The moral foundations are innate. Particular rules and virtues vary across cultures, so you’ll get fooled if you look for universality in the finished books. You won’t find a single paragraph that exists in identical form in every human culture. But if you look for links between evolutionary theory and anthropological observations, you can take some educated guesses about what was in the universal first draft of human nature. I tried to make (and justify) five such guesses:
- The Care/harm foundation evolved in response to the adaptive challenge of caring for vulnerable children. It makes us sensitive to signs of suffering and need; it makes us despise cruelty and want to care for those who are suffering.
- The Fairness/cheating foundation evolved in response to the adaptive challenge of reaping the rewards of cooperation without getting exploited. It makes us sensitive to indications that another person person is likely to be a good (or bad) partner for collaboration and reciprocal altruism. It makes us want to shun or punish cheaters.
- The Loyalty/betrayal foundation evolved in response to the adaptive challenge of forming and maintaining coalitions. It makes us sensitive to signs that another person is (or is not) a team player. It makes us trust and reward such people, and it makes us want to hurt, ostracize, or even kill those who betray us or our group.
- The Authority/subversion foundation evolved in response to the adaptive challenge of forging relationships that will benefit us within social hierarchies. It makes us sensitive to signs of rank or status, and to signs that other people are (or are not) behaving properly, given their position.
- The Sanctity/degradation foundation evolved initially in response to the adaptive challenge of the omnivore’s dilemma, and then to the broader challenge of living in a world of pathogens and parasites. It includes the behavioral immune system, which can make us wary of a diverse array of symbolic objects and threats. It makes it possible for people to invest objects with irrational and extreme values—both positive and negative—which are important for binding groups together.
It appears that the left relies primarily on the Care and Fairness foundations, whereas the right uses all five.
If you think about religion as a set of beliefs about supernatural agents, you’re bound to misunderstand it. You’ll see those beliefs as foolish delusions, perhaps even as parasites that exploit our brains for their own benefit. But if you take a Durkheimian approach to religion (focusing on belonging) and a Darwinian approach to morality (involving multilevel selection), you get a very different picture. You see that religious practices have been binding our ancestors into groups for tens of thousands of years.
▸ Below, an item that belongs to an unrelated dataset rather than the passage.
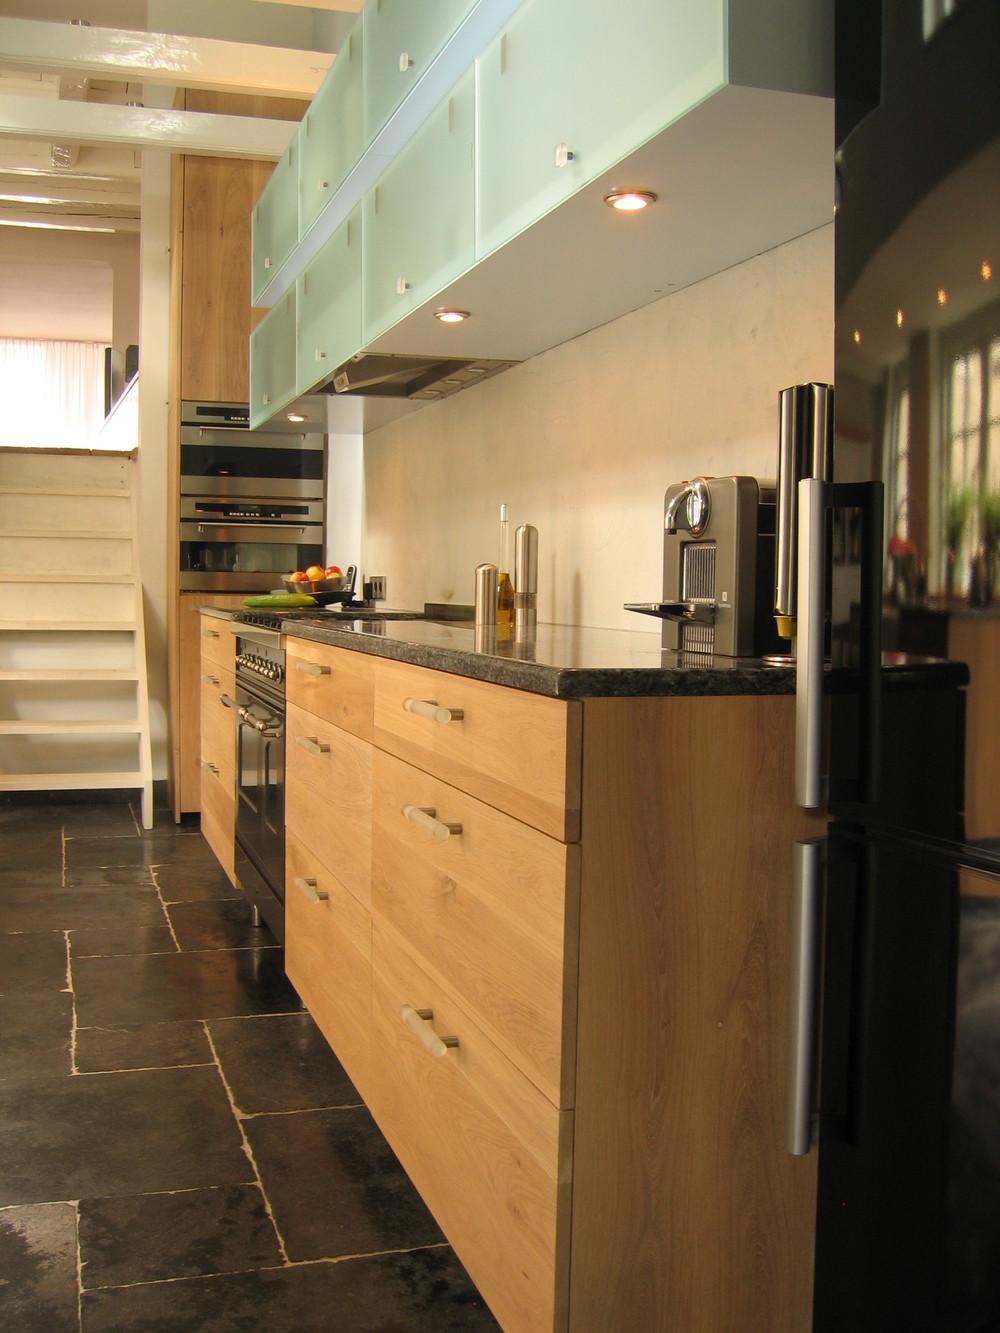 diepe, volledig uittrekbare lades, een dubbele rij hangkasten met klepfronten van matglas

That binding usually involves some blinding—once any person, book, or principle is declared sacred, then devotees can no longer question it or think clearly about it.
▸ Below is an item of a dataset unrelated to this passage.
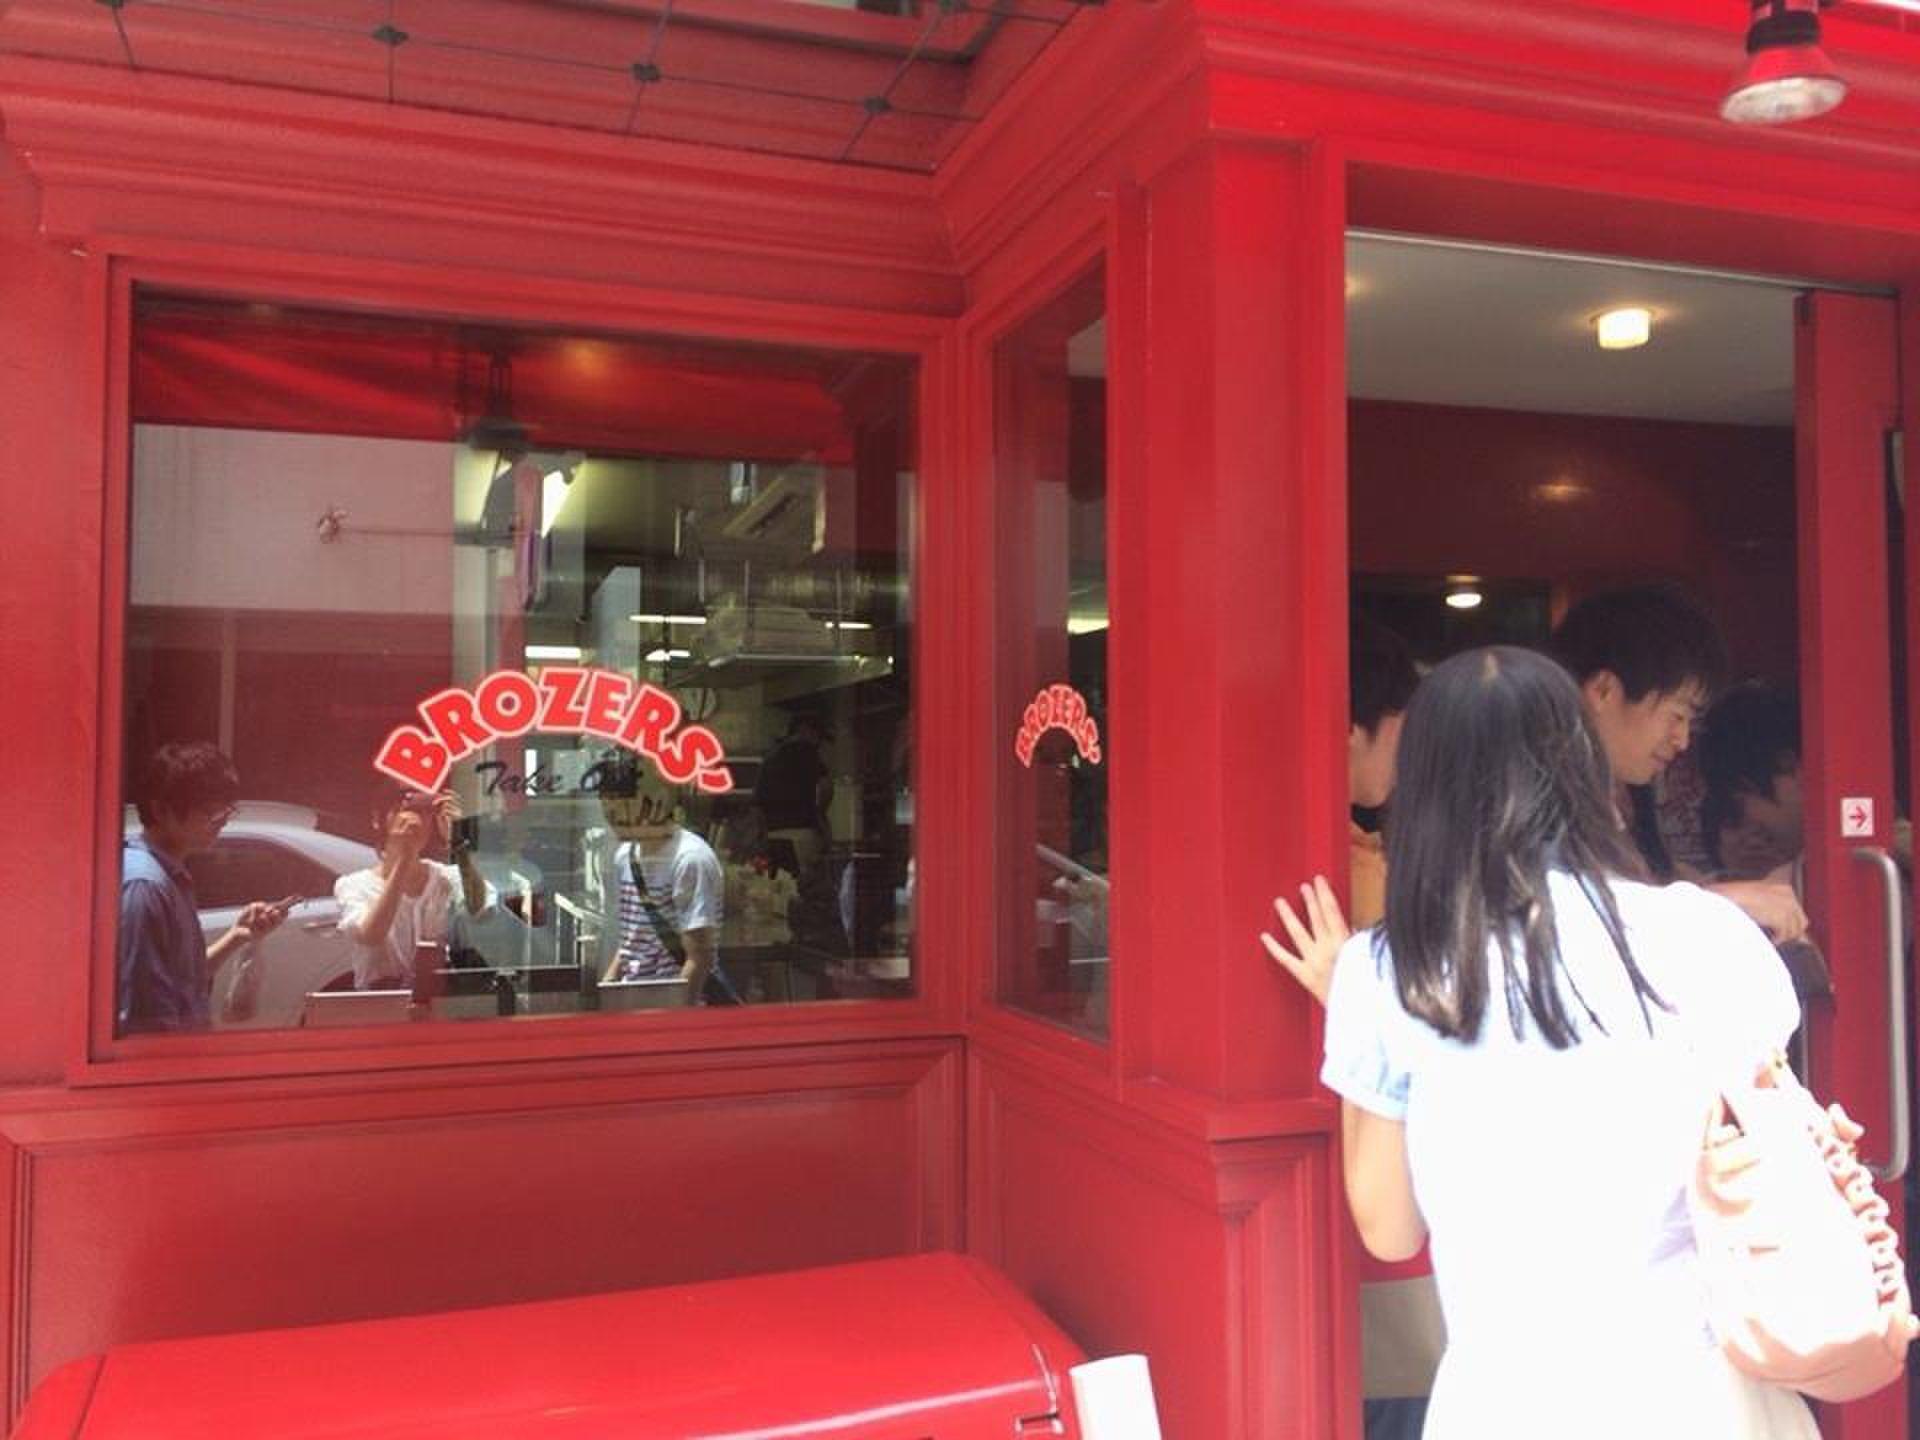 人形町おすすめグルメ!日本一のハンバーガー【ブラザーズ】晴れの日ピクニックコース

Our ability to believe in supernatural agents may well have begun as an accidental by-product of a hypersensitive agency detection device, but once early humans began believing in such agents, the groups that used them to construct moral communities were the ones that lasted and prospered.
Moral matrixes:
- Liberal- Values from high to low: Care/harm, Liberty/oppression, Fairness/cheating, Tied in 4th place: Loyalty/betrayal, Authority/subversion, Sanctity/degradation.
- Libertarian- Values from high to low: Liberty/oppression, Fairness/cheating, the rest are tied in 3rd place.
- Social conservative- all values are equally important.